Spanish Flu: Nursing during history’s deadliest pandemic

Introduction

To mark the centenary of the 1918 Spanish flu pandemic, Florence Nightingale Museum created an immersive exhibition which told the story of the ‘deadliest pandemic in history’ through the experiences of the people who lived through it. The exhibition was awarded ‘Temporary or Touring Exhibition of the Year’ at the 2019 Museum and Heritage Awards. Here you can find out more about Spanish flu and access some of the resources created for the exhibition.

The exhibition ran from September 2018 to January 2020

Learn more about the team behind the animation: https://viralanimation.org/

In the autumn of 1918, as the First World War approached its end, a far more deadly killer was sweeping the globe – the Spanish influenza.

Over the next 18 months the virus ravaged the globe, infecting an estimated 500 million, and killing between 50 and 100 million. In Britain 250,000 people died, a disproportionately high number of them young and healthy adults.

In the early months of the pandemic, wartime censorship in the UK, USA and Germany minimised reports on the seriousness of the outbreak in order to boost morale and prevent panic. However, detailed reports were emerging from neutral Spain, where King Alfonso XIII fell gravely ill, giving rise to the nickname ‘Spanish flu’.

The scale of the pandemic was so vast that public services were quickly put under huge strain at a time when many resources were already taken up by the war effort. Hospitals, mortuaries and undertakers could not cope with the overwhelming numbers of patients and victims. There was also a profound impact on normal daily life, even for the healthy. In many countries, cities imposed curfews and banned public gatherings, including funerals. Schools, churches and theatres were closed.

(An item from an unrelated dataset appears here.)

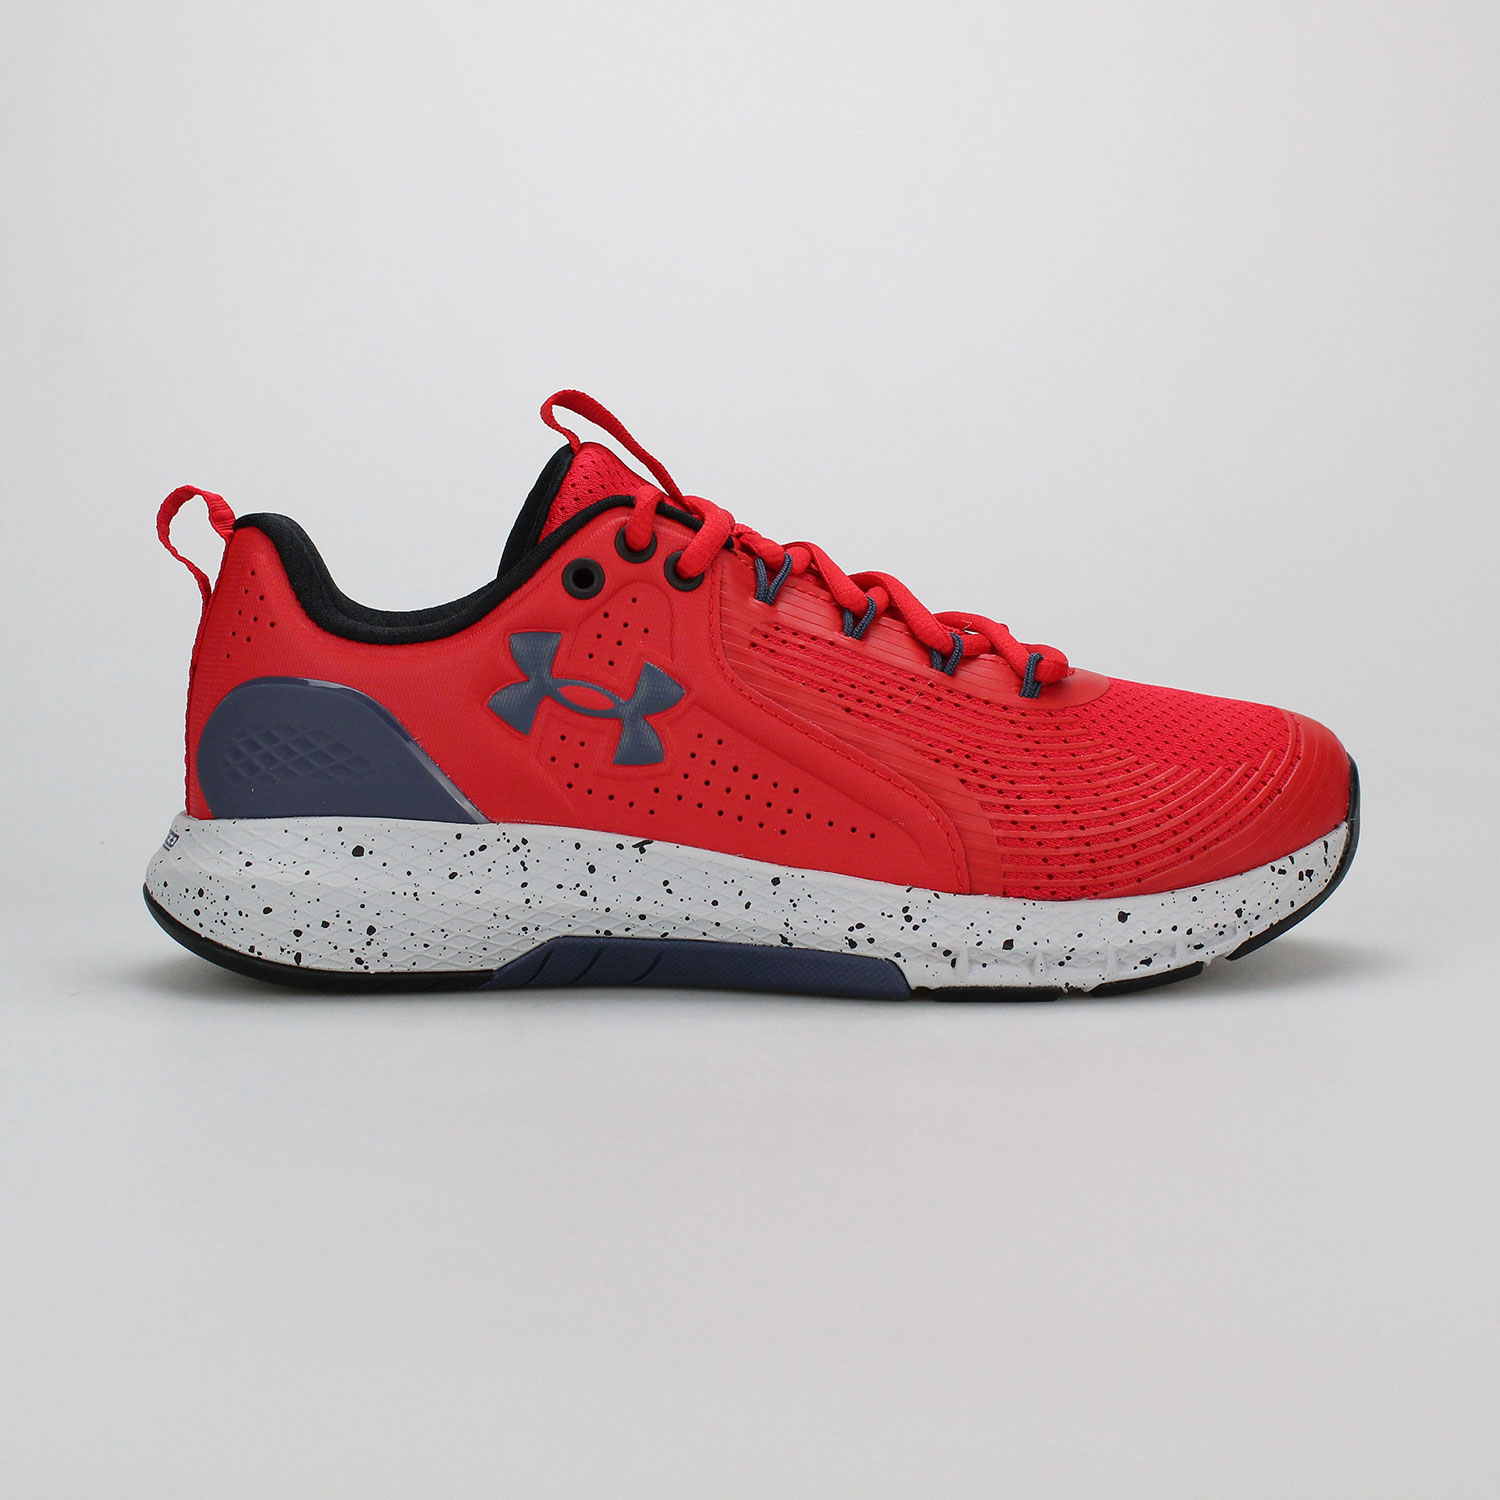 UNDER ARMOUR CHARGED COMMIT TR 3 ΚΟΚΚΙΝΟ ΑΝΔΡΙΚΑ ΡΟΥΧΑ ΚΑΙ ΠΑΠΟΥΤΣΙΑ > ΑΝΔΡΙΚΑ ΠΑΠΟΥΤΣΙΑ > ΓΥΜΝΑΣΤΗΡΙΟ

However, despite the devastating effect on the lives of those who lived through it, a century on, Spanish flu has largely faded from our collective consciousness. This exhibition explores the experiences of those who lived and died and asks the question: could a flu pandemic of this scale happen again?

The Spanish flu virus was an H1N1 strain, similar to, but far more deadly than the one that caused the Swine flu pandemic in 2009. No-one knows where it began but scientists and historians have suggested that the virus started at an army camp, like Camp Funston in Kansas, USA, or the Allied field hospital in Étaples, Northern France.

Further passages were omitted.